Bernie Sanders’ campaign website categorizes his platform as “progressive”; Hillary Clinton has recently started describing herself as “a progressive who likes to get things done.” And Beverly Gage has a fascinating piece over at The New York Times Magazine about the shifting definition of the word “progressive,” particularly in relation to its similarly left-leaning lexical cousin “liberal.”

According to Gage, “progressive” came into widespread use in the early 1900s, during “a moment when many Americans believed democracy was failing.” The time period doesn’t sound so dissimilar to today: the richest of the rich—robber barons like Andrew Carnegie and John D. Rockefeller—controlled enormous wealth, while millions of Americans (many of them immigrants) lived in poverty. The first round of progressivism was a response to this massive income inequality, as the middle class “went in search of a new politics that would enable both the government and the citizenry to rebalance this distribution of power.”

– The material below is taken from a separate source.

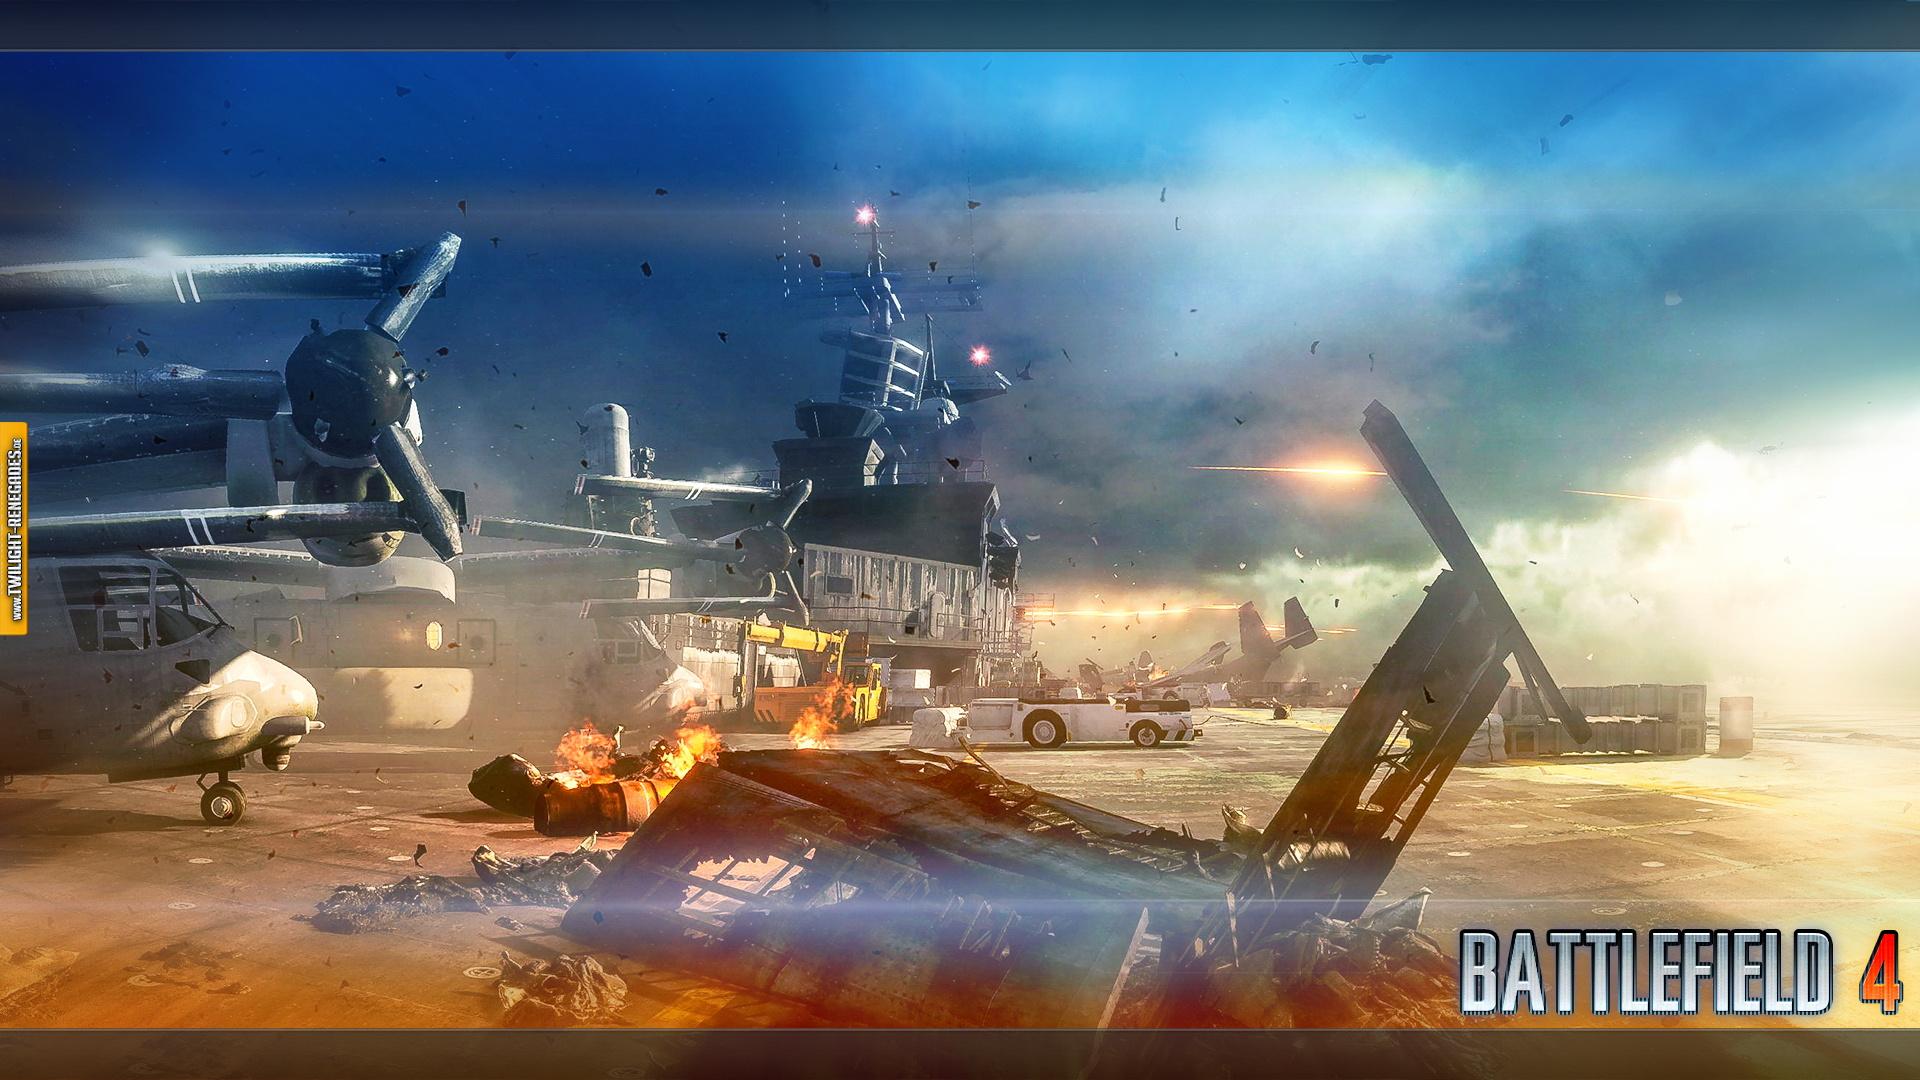 Mission Battlefield 031113

The ‘‘progressive’’ movement was, at first, a big-tent enterprise, a ‘‘remarkably good-natured effort of the greater part of society to achieve some not very clearly specified self-reformation,’’ in the words of the historian Richard Hofstadter. The general impulse to do something inspired a bewildering array of social movements that had little in common by today’s standards. At its height, progressivism produced moralists, cynics and social engineers, with some progressives seeking to liberate humanity from its benighted superstitions as others sought to impose strict rules about sex, alcohol and racial intermingling. Urban reformers and pacifists and trustbusters and suffragists all called themselves ‘‘progressives.’’ So did prohibitionists and segregationists and antivaccinationists and eugenicists. Historians still refer to the first two decades of the 20th century as the Progressive Era, a time when the nation enacted its first federal income tax and food-safety regulations and women won the right to vote. But during that period, progressivism’s darker side emerged, too: the creation of the Jim Crow system and the passage of viciously exclusionary immigration restriction.

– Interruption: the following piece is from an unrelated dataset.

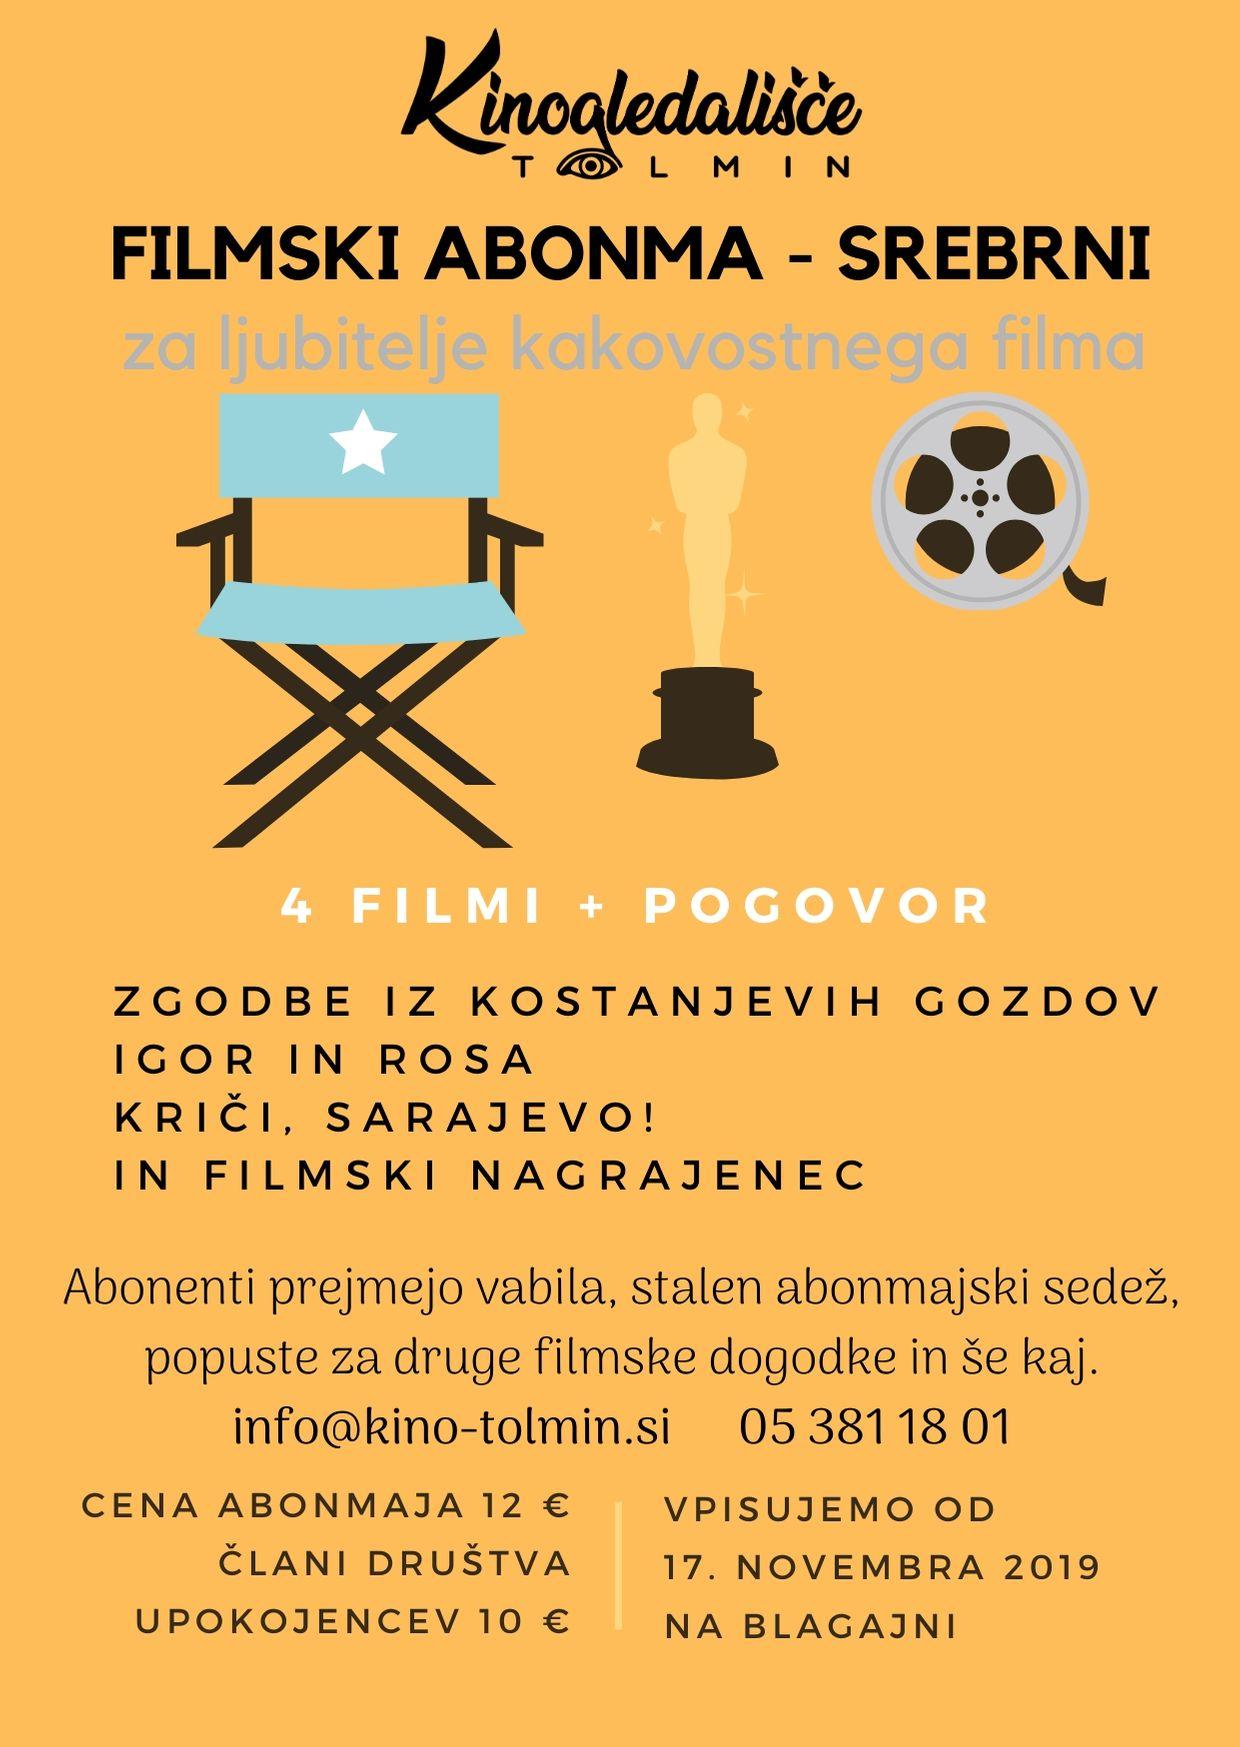 FILMSKI ABONMA - SREBRNI

And if you think the currently squabbling over the true definition of “progressive” is confusing, 2016 has nothing on 1912, when both Democrats and Republicans simultaneously embraced the term. Former Republican president Theodore Roosevelt was running for office under the newly minted “Progressive Party,” with his two main opponents (Woodrow Wilson and William Howard Taft, one a Democrat and one a Republican, respectively) also self-describing with the term.

But the real narrative of the word “progressive” seems to be that of a shifting pendulum: it fell from favor in the aftermath of World War I, and Great Depression-era reformers abandoned it completely, instead identifying as “liberals.” As Gage writes:

This word [liberal] set them apart from the prim moralizing of some of their predecessors; one of Franklin Roosevelt’s first acts as president was to allow the nation to drink beer. It also suggested a growing respect for civil liberties, rejecting the progressives’ tendency to favor social control over individual freedom. When Washington reformers became ‘‘liberals,’’ ‘‘progressives’’ in turn became more radical. In the parlance of the 1930s, to be a ‘‘progressive’’ was suddenly to be a ‘‘fellow traveler,’’ someone who never joined the Communist Party but who felt that the Communists might have a point.

The pendulum shifts continued throughout the 20th century and, it now seems, will keep swinging well into the 21st.